Politische Formation des bulgarischen Premiers noch immer keine Partei
29. Januar 2002Sofia, 29.1.2002, 1008 GMT, RADIO BULGARIEN, deutsch
Bekanntlich fand die langerwartete Gründungsversammlung der Partei Nationale Bewegung Simeon II. am vergangenen Samstag (26.1.) zur Überraschung aller nicht statt. Der zweite Anlauf soll in drei Monaten stattfinden. Dies verkündete der Vorsitzende der NBS persönlich, Premierminister Simeon von Sachsen, Coburg und Gotha. Am 6. April, ein Jahr nach dem schicksalsträchtigen Tag, als der ehemalige König vor aller Öffentlichkeit bekannt gab, dass er die bulgarische politische Bühne betreten will, soll nun die Nationale Bewegung in eine Partei umgewandelt werden. In seiner Ansprache an die Möchtegern-Parteifunktionäre betonte Simeon von Sachsen, Coburg und Gotha, die Politik der Bewegung bedürfe einer Neubewertung. Dazu müsse auch der Statutentwurf bearbeitet werden, um die Wahl des künftigen Vorstandes anschaulicher zu machen und jedem bulgarischen Staatsbürger die Möglichkeit zu geben, Mitglied der neuen Partei zu sein. Außerdem sei er nicht bereit, Ehrenvorsitzender oder gar Parteivorsitzender zu werden. "Wir haben die NBS nicht deshalb ins Leben gerufen, um eine neue politische Elite zu schaffen, sondern um das Leben unserer Landsleute zu verbessern", betont der Ministerpräsident. (...)
Von dieser scharfen Kritik des Ministerpräsidenten wird klar, dass er sich über das sinkende Vertrauen in die NBS und die Regierung innerhalb von nur sechs Monaten wohl bewusst ist. Viele Beobachter werteten die Verschiebung der Gründungsversammlung als gut überdachte Taktik des Königs, um sein eigenes und das Ansehen seines Kabinetts aufzupolieren. Nach diesen kritischen Äußerungen wird er ganz bestimmt in die Gunst der Wähler kommen. (...)
"Die Abgeordneten des Zaren fordern massenweise Rücktritte", lautet eine Überschrift in der Zeitung "Standard." Ein richtiger Krieg ist in der Fraktion der Nationalen Bewegung Simeon II. bei der gemeinsamen Sitzung mit dem Kabinett ausgebrochen, schreibt das Blatt.

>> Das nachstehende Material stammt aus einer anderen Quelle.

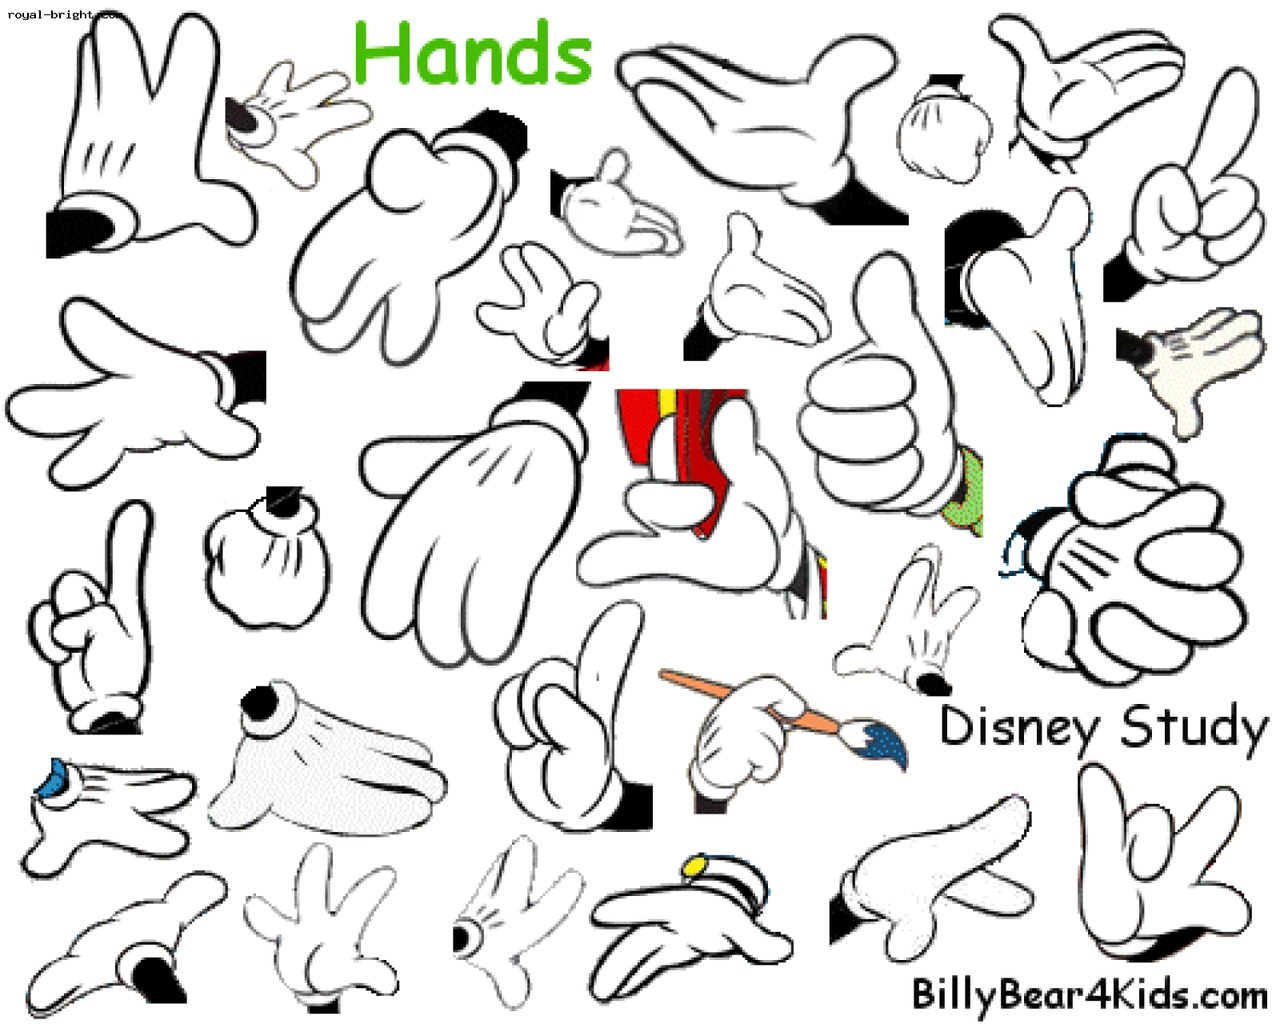 Рисованные руки мультяшные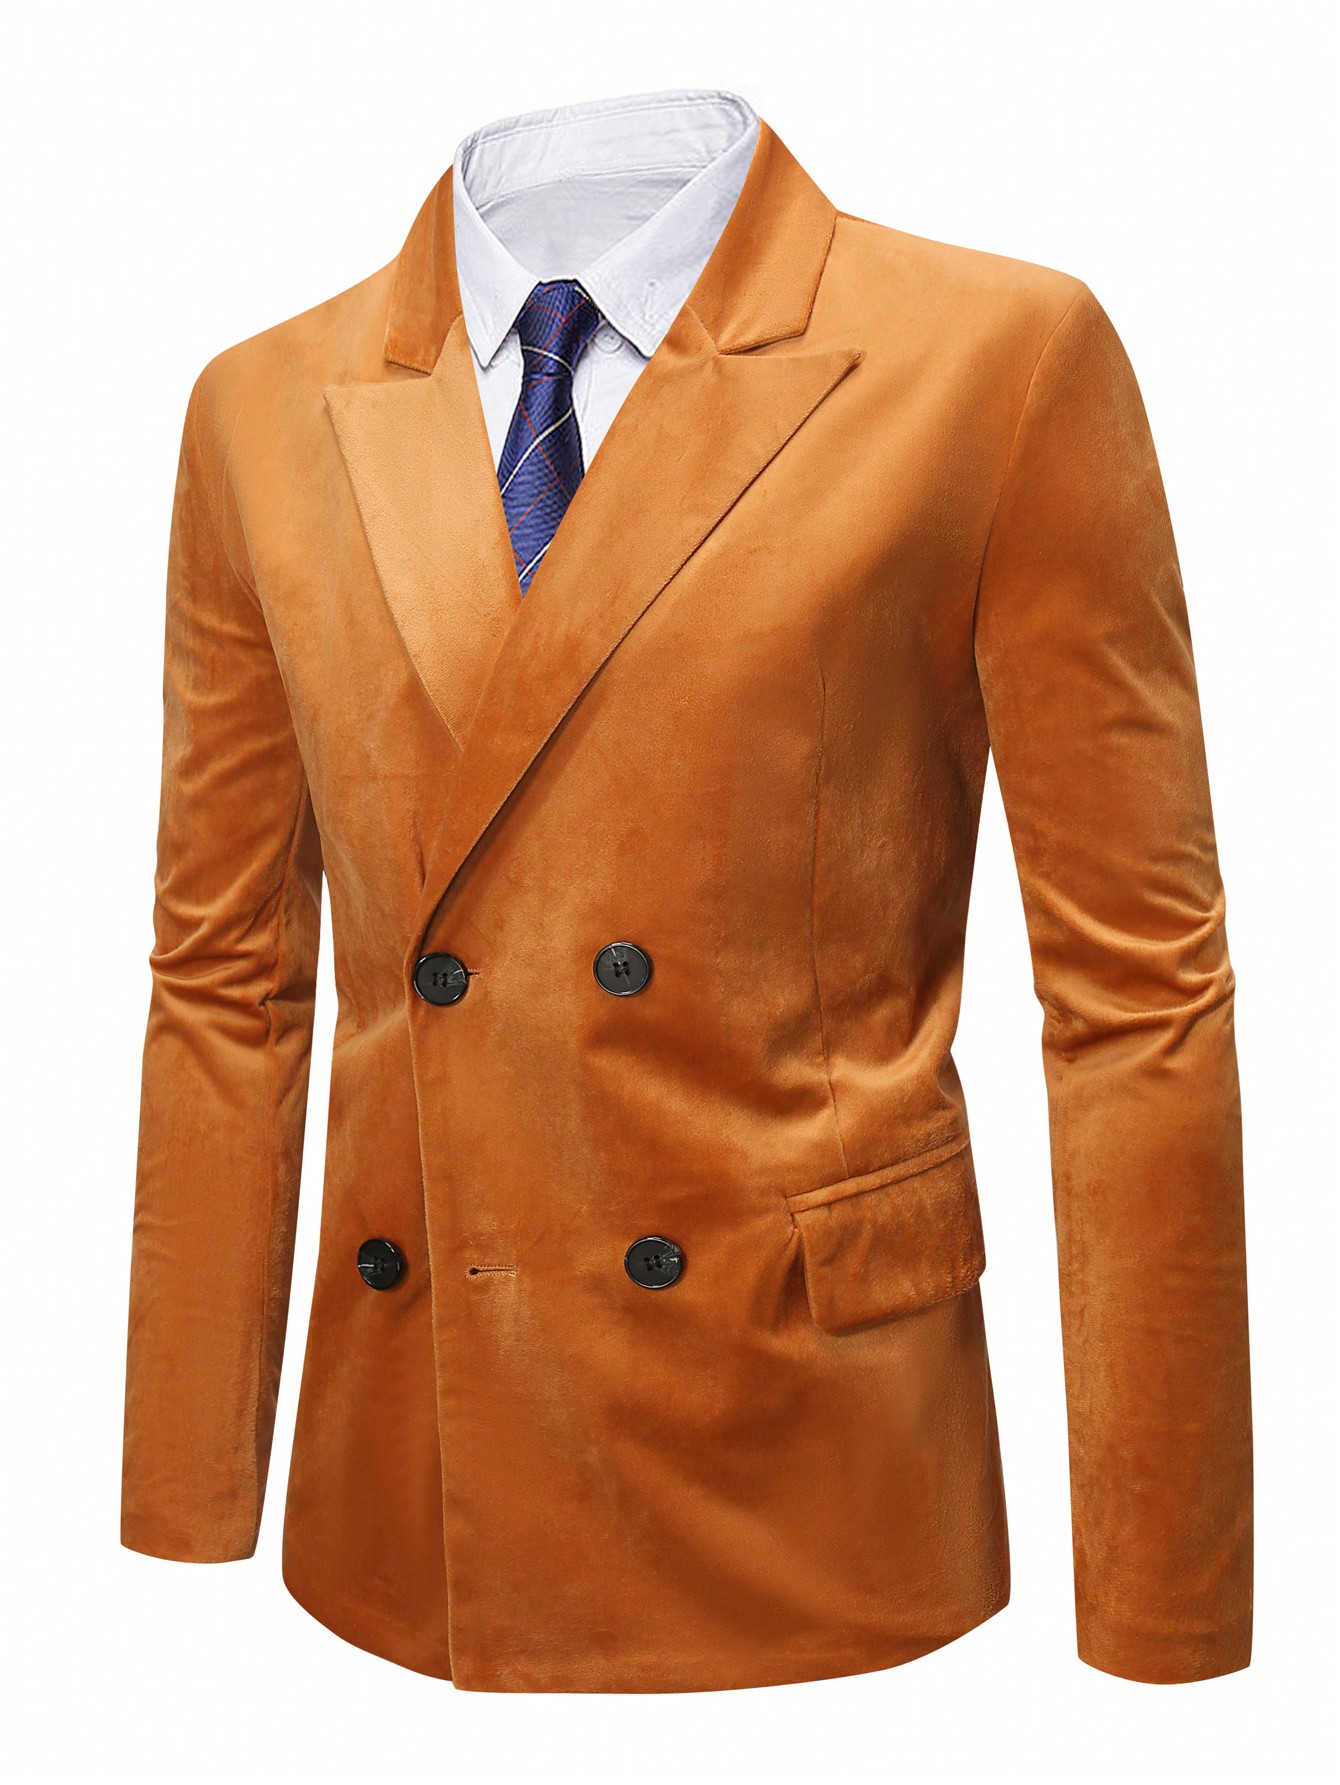 Мужской двубортный пиджак Manfinity Mode размера плюс, апельсин мужской однотонный костюм с воротником стойкой manfinity mode черный

"Der Staatspräsident Georgi Parwanow wird Umbesetzungen im Kabinett unterstützen", lautet die Überschrift auf der Titelseite der Zeitung der oppositionellen Bulgarischen Sozialistischen Partei "Duma." Die Leute des Zaren wollen den Fraktionsvorsitzenden Plamen Panajotow heute (29.1.) stürzen, schreibt mit einem Fragezeichen dahinter das Blatt weiter.
"Der Parlamentspräsident Ognjan Gertschikow von der Nationalen Bewegung Simeon II. überlegte in dieser Nacht, ob er den Rücktritt von Ministern fordern soll", lautet eine Überschrift in der Zeitung "Trud." Unter der Überschrift die "Abgeordneten des Zaren haben die Menschen vergessen", bringt die Zeitung eine Analyse auf zwei Seiten. Das Interview mit der prominenten Abgeordneten von der Nationalen Bewegung, Tiliana Grosdanowa, hat die Überschrift "Der Zank in der Bewegung wird nicht aufhören." Aber der Regierungschef selbst, der diese Rücktrittsforderungen und scharfe Auseinandersetzungen in der Regierungsmehrheit durch seine Kritik an dem misslungenen Konstituierungsparteitag ausgelöst hat, pfeift seine Anhänger nun zurück. (...) (fp)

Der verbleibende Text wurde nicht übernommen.